School District Public Relations and Marketing
I often hear the terms marketing, advertising, communications, and public relations used interchangeably. As a result, let’s take a high level look at all of them.
Advertising is promotion through a purchase. TV, radio, digital, and print are common advertising buys. Certainly, a school district can use one or all to reach an audience.
School district public relations involves managing your district’s image. Therefore, crisis communications, media relations, and press releases are all part of public relations.
Moreover, to support school district PR, the National School Public Relations Association provides its members training and professional development. Members know the importance of media training and handling crises.
In addition, communications are both internal and external. For example, school district communications include distribution points like email, text, and robocalls. Moreover, school newsletters, website, and publications are all terrific ways to share the great things happening in schools.
However, the way districts use these distribution points depends on purpose. Here are some examples:
- Internal email – daily communications with district staff and campuses
- External email – vendors, media, families, partners
- Robocalls – alerts, important information, emergency communications
- Newsletters – news and events for staff, families and community
- Website – about the district, academic offerings, jobs, parent information, staff access, registration, news, events
- Publications – brochures, postcards, annual report
School district marketing
Marketing is a system that includes communications. In addition, marketing involves PR, advertising, promotion, and even sales.
School districts can use marketing to promote the district as a whole. Likewise, marketing is also used for a focused effort like Pre-K registration or bus driver recruitment.

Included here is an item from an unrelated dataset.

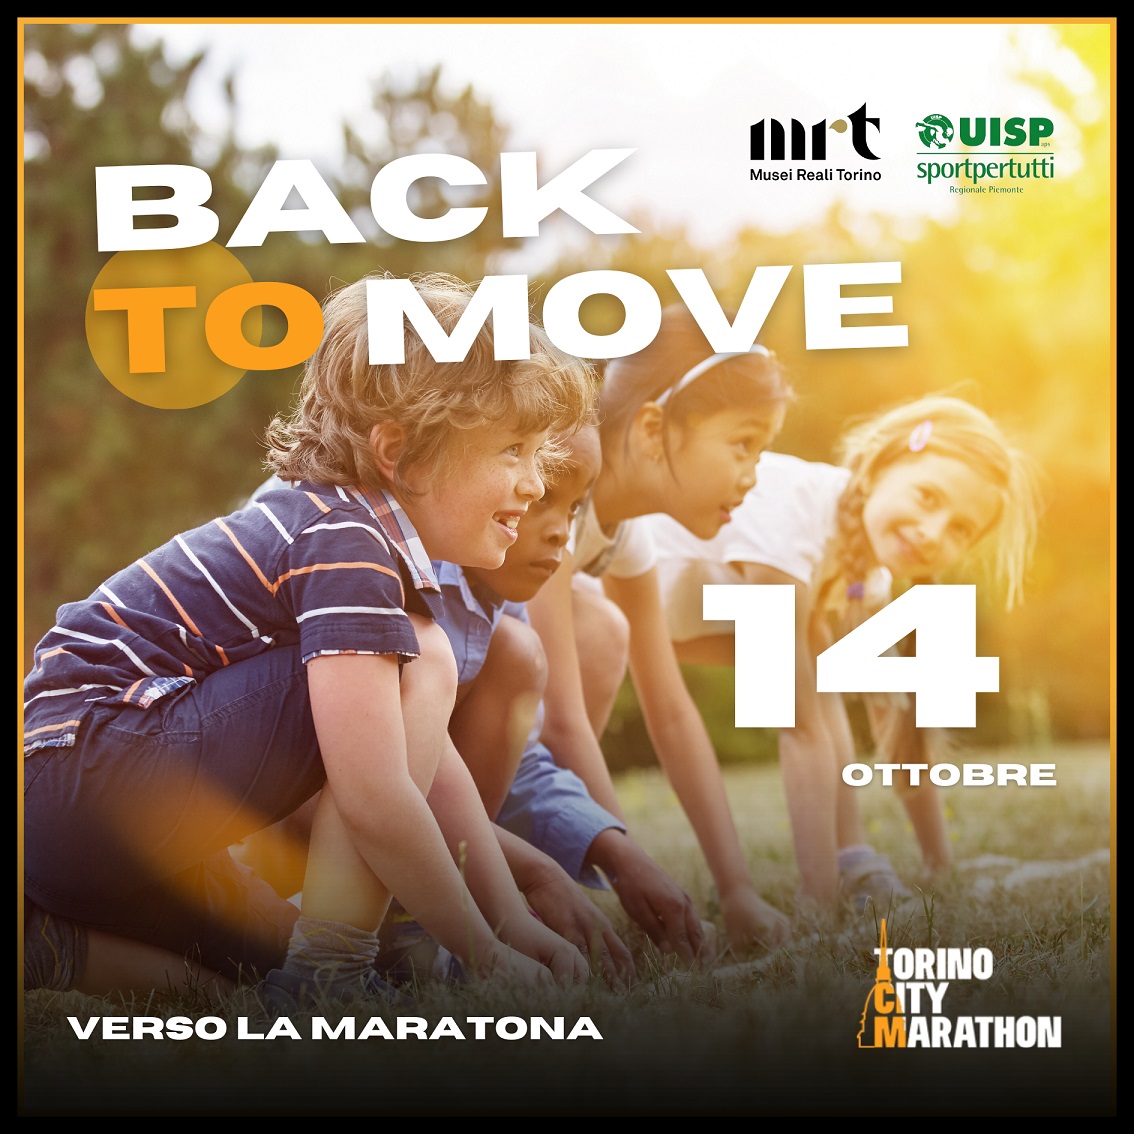 Back to move… verso la Torino City Marathon

Firstly, within the marketing plan, there might be a few or many tactics. Secondly, the focused effort might have one specific target audience or many audiences. And finally, the tactics often need to reach that audience in several ways. Let’s use bus driver recruitment as an example:
Bus driver recruitment marketing plan:
- The goal is to fill 15 job openings by the end of May
- Our budget is $500
- The target market is people interested in part-time, flexible work. We need to do research on who that is and where to find them
- Tactics include: internal communications, website, social media ads, media outreach, event/career fair booth, and video
- Creative ideas: bus driver testimonial Instagram reels, a day with a bus driver, photo shoot, get to know us, hashtag sign campaign, and referral bonus incentive, digital ads
In conclusion, whether you’re promoting job openings, district brand pillars, schools, an event, programs, or enrollment, you need marketing to achieve your goals.